Tax reporting liquidating trust dating someone in your class
A: No, in addition to the initial liquidating distribution, we expect to make one or more additional liquidating distributions in First Quarter 2017.
Q: How will the initial liquidating distribution be reported for tax purposes?
The following Q&A and Cost Basis Calculator are designed to help you understand the tax implications of the initial liquidating distribution of .20 per share paid to shareholders in December 2016 and the remaining liquidating distributions.
Please note that this information is provided for illustrative purposes only and to help give you a general understanding of the consequences of the recent liquidating distributions. Shareholders must contact their tax advisors for specifics regarding the taxation of their individual investments.
In the future, you will receive a pro-rata distribution from the Trust of any recoveries received from these efforts. You should consult your own tax advisor regarding the tax consequences and reporting obligations relating to your investment based upon your individual circumstances.
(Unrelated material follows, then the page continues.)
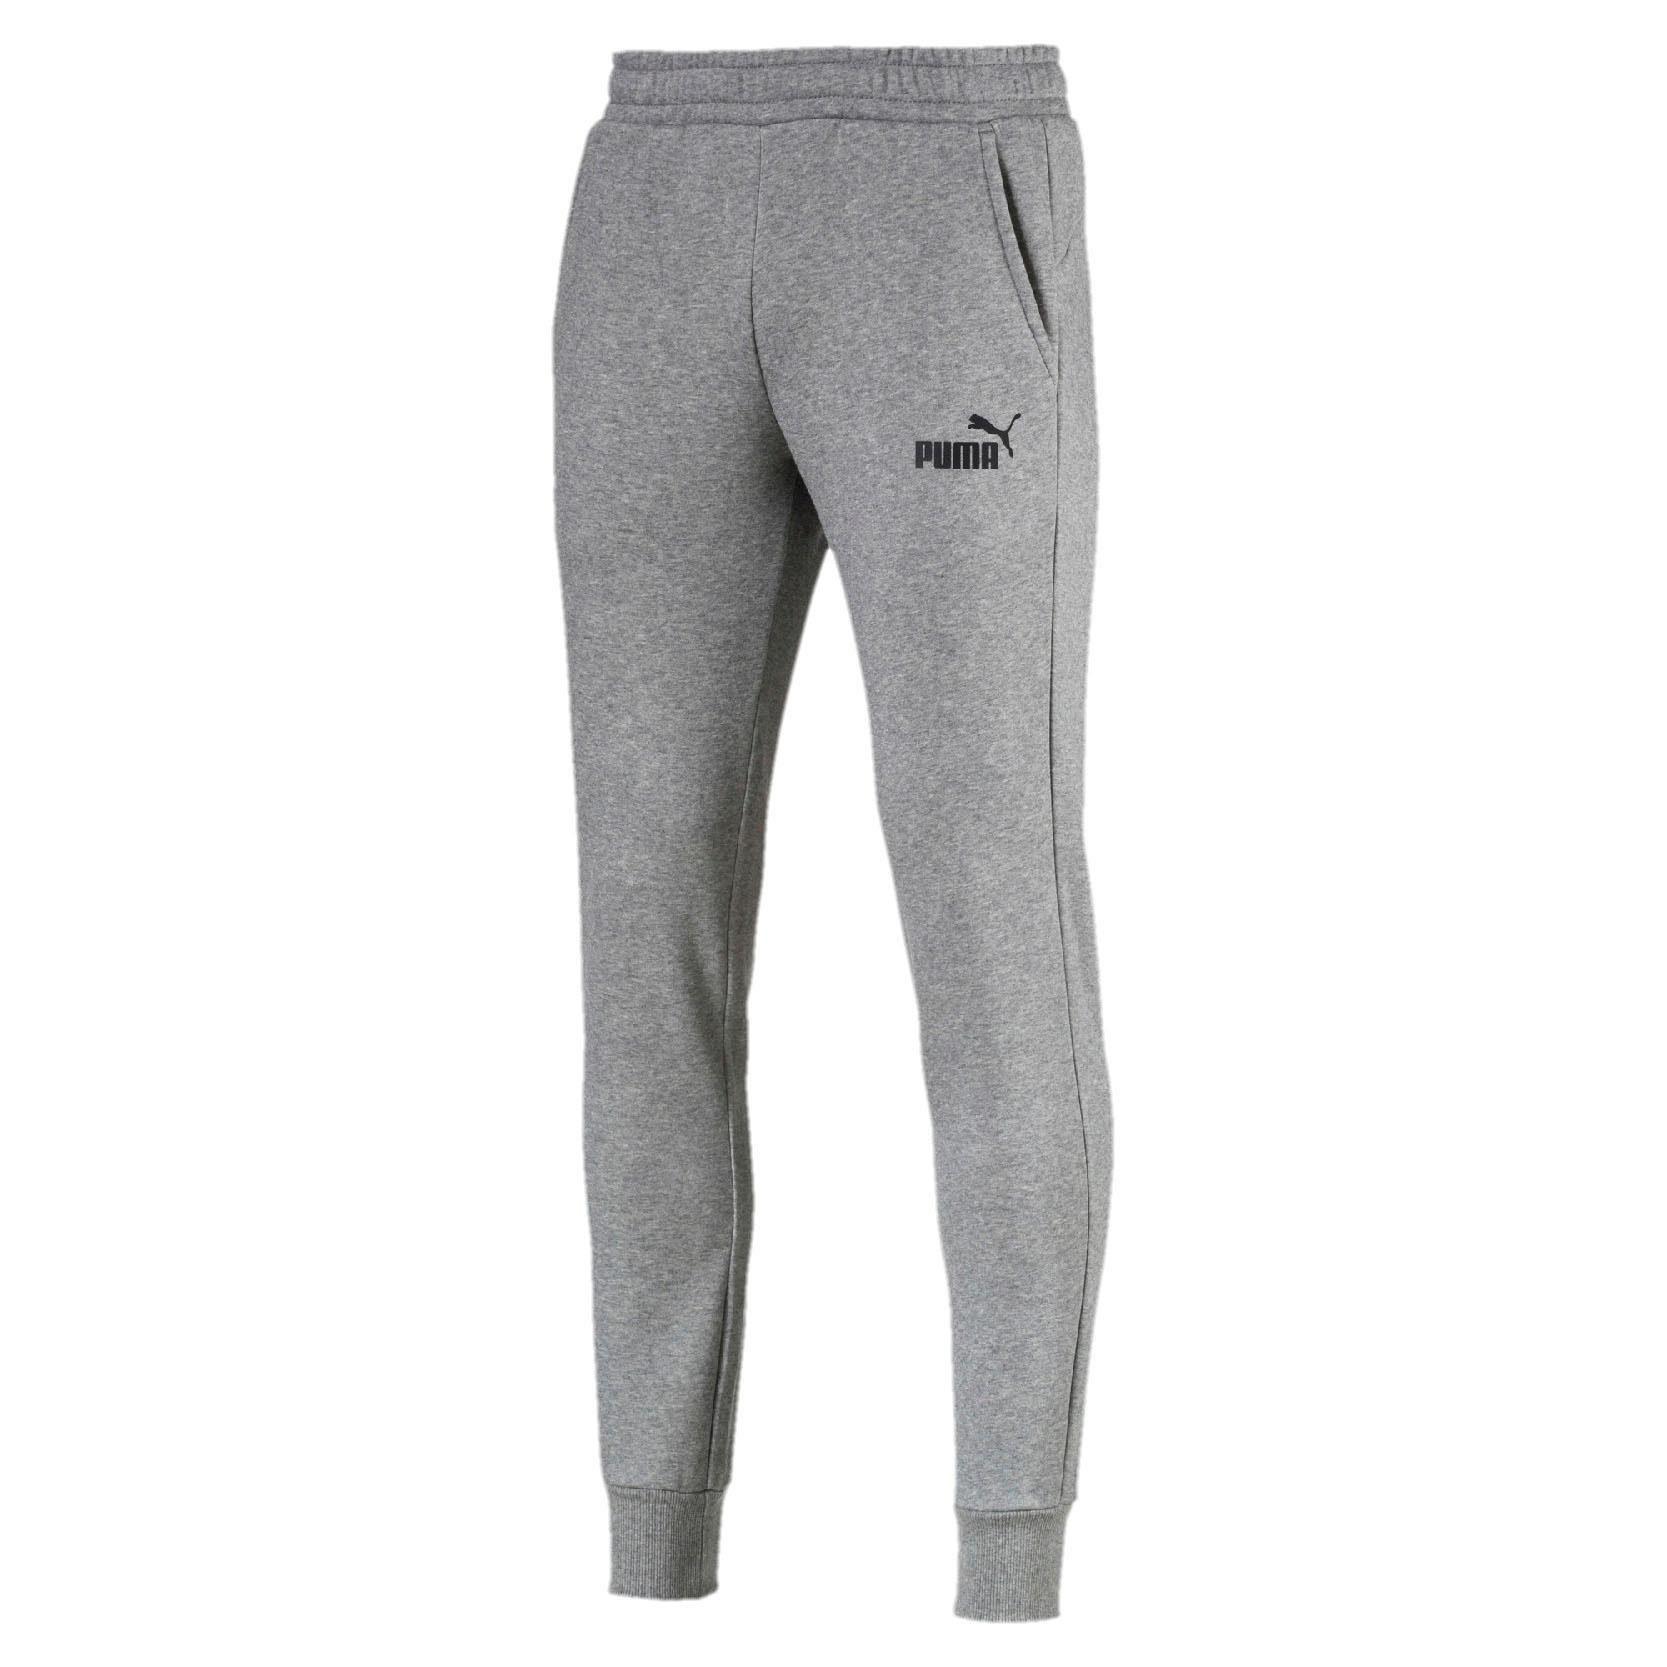 PUMA Jogginghose »ESS LOGO PANTS TR OP«, Logodruck online kaufen | OTTO

You and your tax professional may find the attached documents useful in determining the appropriate tax treatment for your situation: Milo H.
The Trust has filed suit against numerous broker-dealers seeking to recover both the commissions paid them and additional damages caused by the broker-dealers. Segner, Jr., Liquidating Trustee of the PR Liquidating Trust, has undertaken significant litigation efforts to maximize the recovery for all investors in the Provident Royalties family of companies.
It is anticipated that there will be at least one more distribution to General Fund participants once all remaining litigation has been concluded.
Joseph Blimline was sentenced to 240 months in federal prison on May 3, 2012 for his role in the Provident investment fraud.
Distributions that exceed the Company’s current and accumulated tax earnings and profits constitute a return of capital and reduce the stockholders’ basis in the common shares. 331, a liquidating distribution is considered to be full payment in exchange for the shareholder’s stock, rather than a dividend distribution, to the extent of the corporation’s earnings and profits (E&P).The shareholders generally recognize gain (or loss) in an amount equal to the difference between the fair market value (FMV) of the assets received (whether they are cash, other property, or both) and the adjusted basis of the stock surrendered.331 when they receive the liquidation proceeds in exchange for their stock.If the corporation distributes its assets for later sale by the shareholders, the assets generally “come out” of the corporation with a basis equal to FMV (and with the related recognition of gain or loss under Sec.